Slow translation of viral proteins to weaken viruses
Codagenix developed a breakthrough approach to live-attenuated virus design that results in prophylactic vaccines and oncolytic viruses as solid tumor therapeutics. The Codagenix platform is based on a computer algorithm that rationally redesigns viral genomes to reduce viral gene function. Codagenix designed viruses stimulate robust T cells and antibodies but are non-pathogenic.
How it works
Viral genomes are processed by Codagenix’s computer-based algorithm to introduce hundreds of silent mutations into the genome to use codon pairs that are underrepresented in human cells (1). The resulting genome that is “de-optimized” for translation in the human host cell is synthesized from scratch (2), assembled into a whole genome, transfected into cells (3) and live, “de-optimized”, attenuated viruses are recovered (4). This rapid, cell-culture based process can generate lead vaccine candidates ready for animal studies in weeks as compared to months, for traditional approaches to attenuating live viruses.
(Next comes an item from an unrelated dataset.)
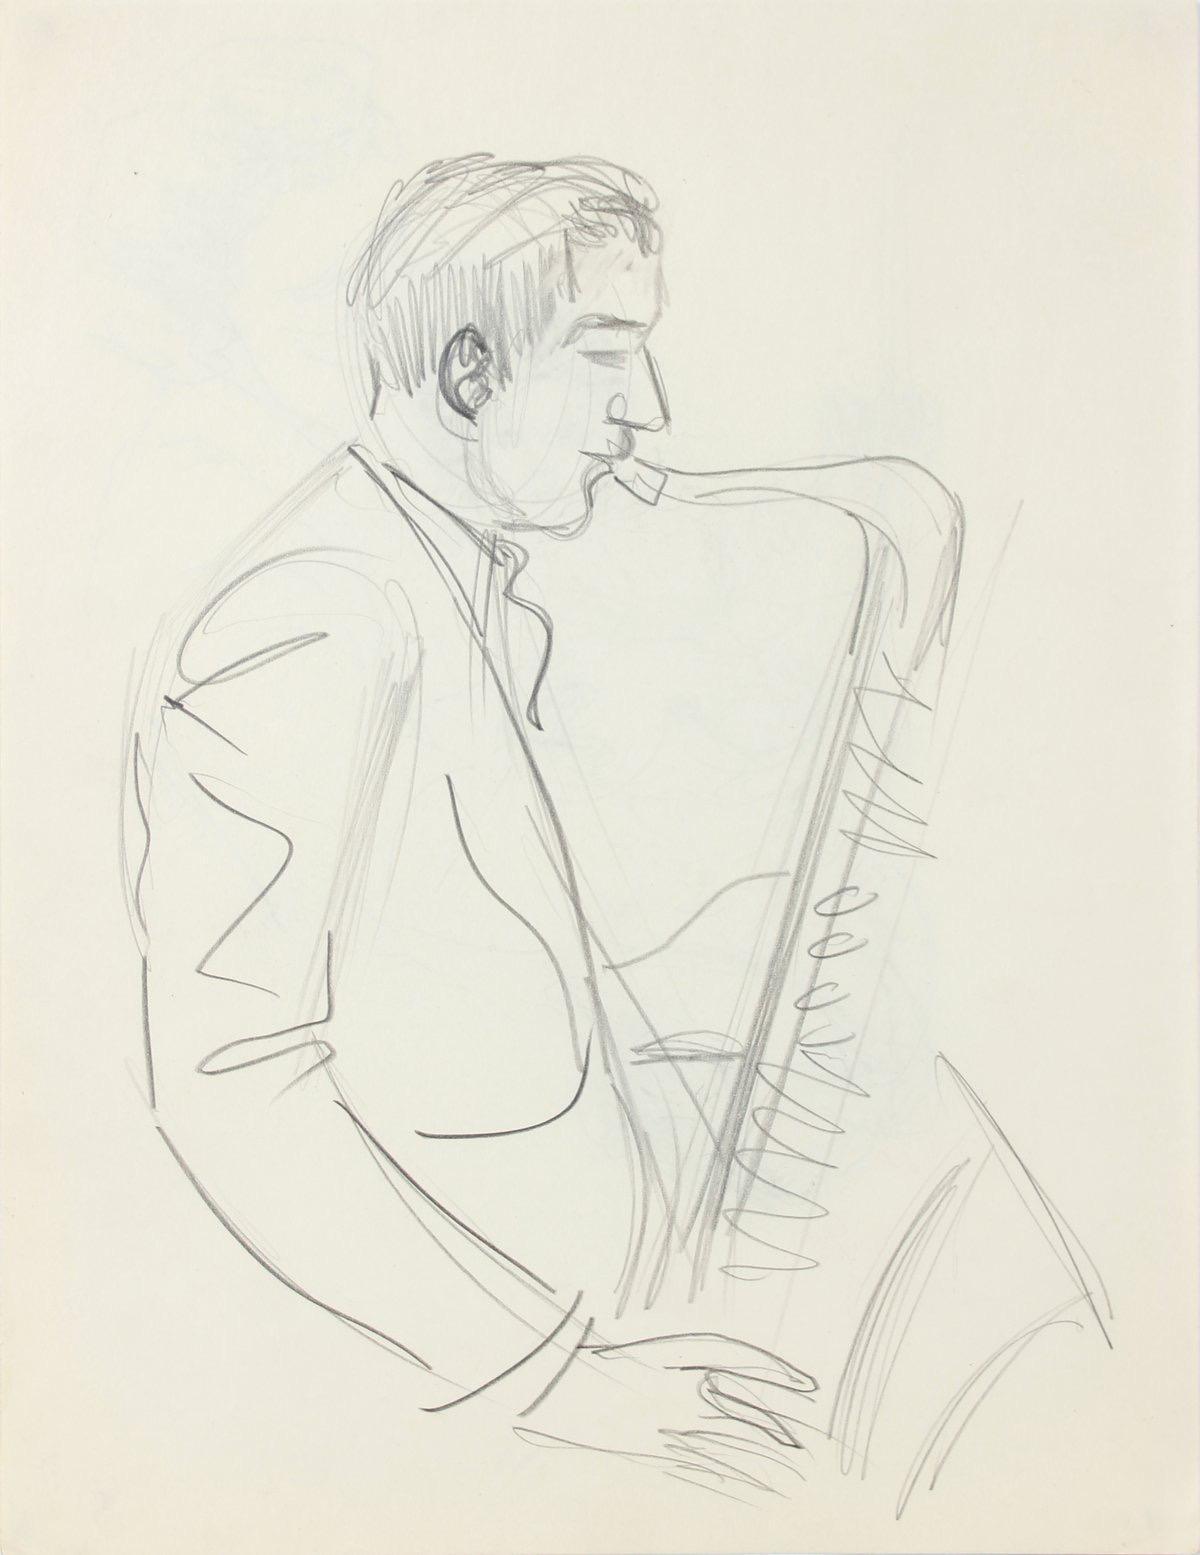 Saxophone Player, New York 1940-50s Graphite

Live-attenuated vaccines that are fast and cost-efficient to produce
All live-attenuated vaccines were developed using a trial-and-error based method developed in the 1880s, pre-dating the discovery of the DNA double helix. The process of continuous passaging and adaptation to eggs is time consuming, costly, and produces unpredictable viruses that may revert to pathogenicity with just one or two mutations. Taking a different approach to vaccine production, Codagenix vaccine viruses are 100% identical to the circulating viral strain at the amino acid level, ensuring robust cellular and antibody responses while remaining fully attenuated. Codagenix is designing these vaccines to be fast and cost-effective to produce, aiming to stop outbreaks before they spread.
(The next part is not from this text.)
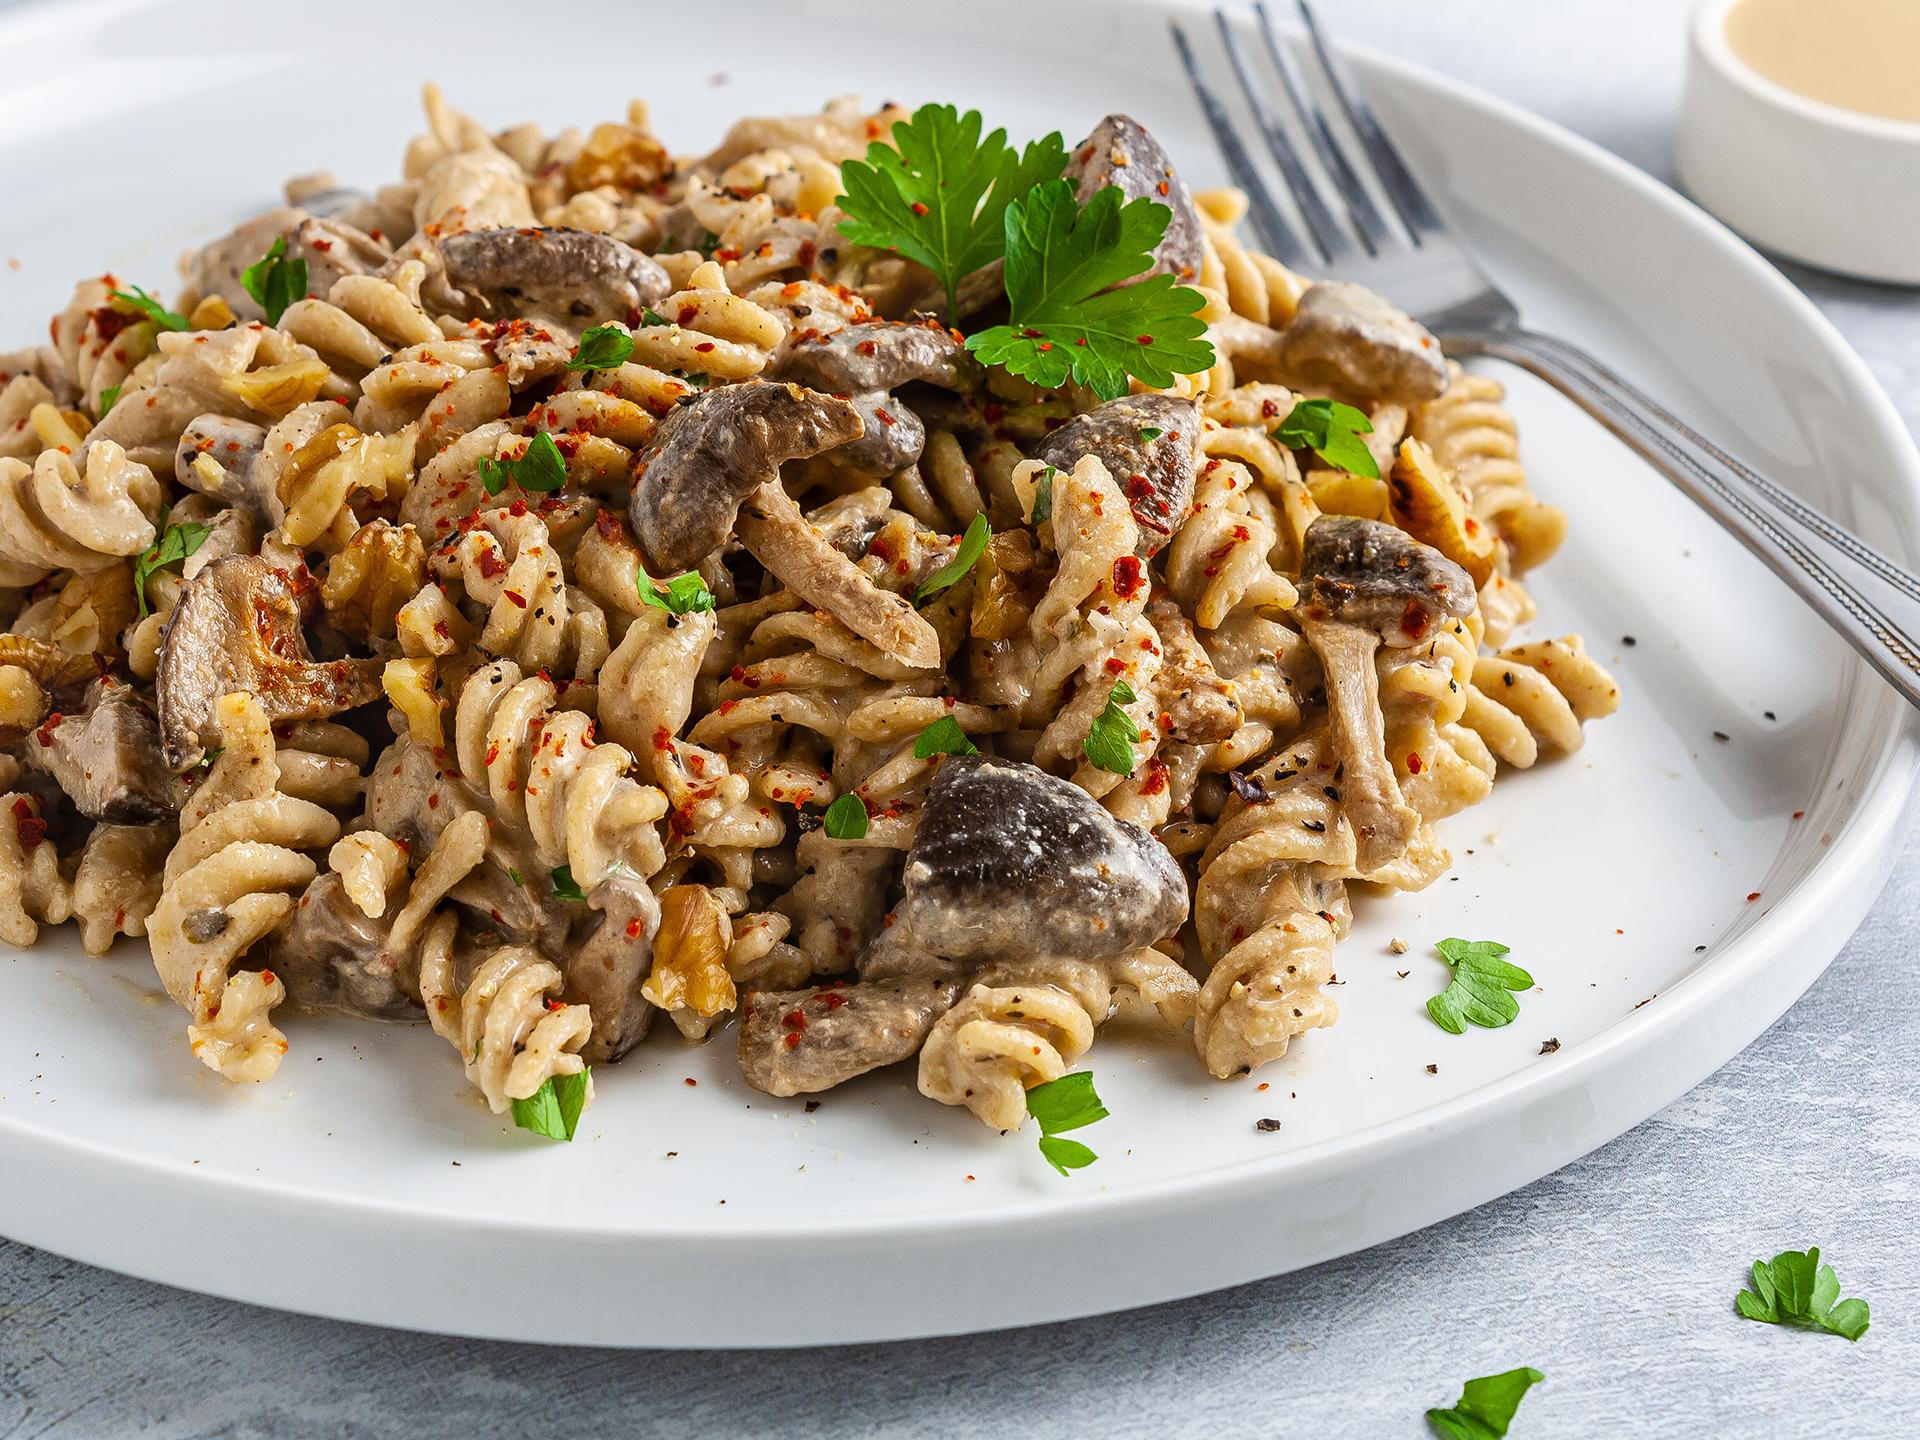 Vegan No Cream Tahini Pasta with Mushrooms

Harnessing viruses to induce robust anti-tumor immune response
Codagenix oncolytic viruses are elegant in their simplicity. We seek to harness the natural ability of certain viruses to induce robust immune responses and attenuate them with our deoptimization platform. The broad immune response induced by our oncolytics, combined with the oncolytic’s atypical RNA/DNA sequences resulting from our re-design can turn cold tumors hot and promote antigenic spread, resulting in tumor clearance, prevention of metastases, and broad anti-tumor immunity in animal models.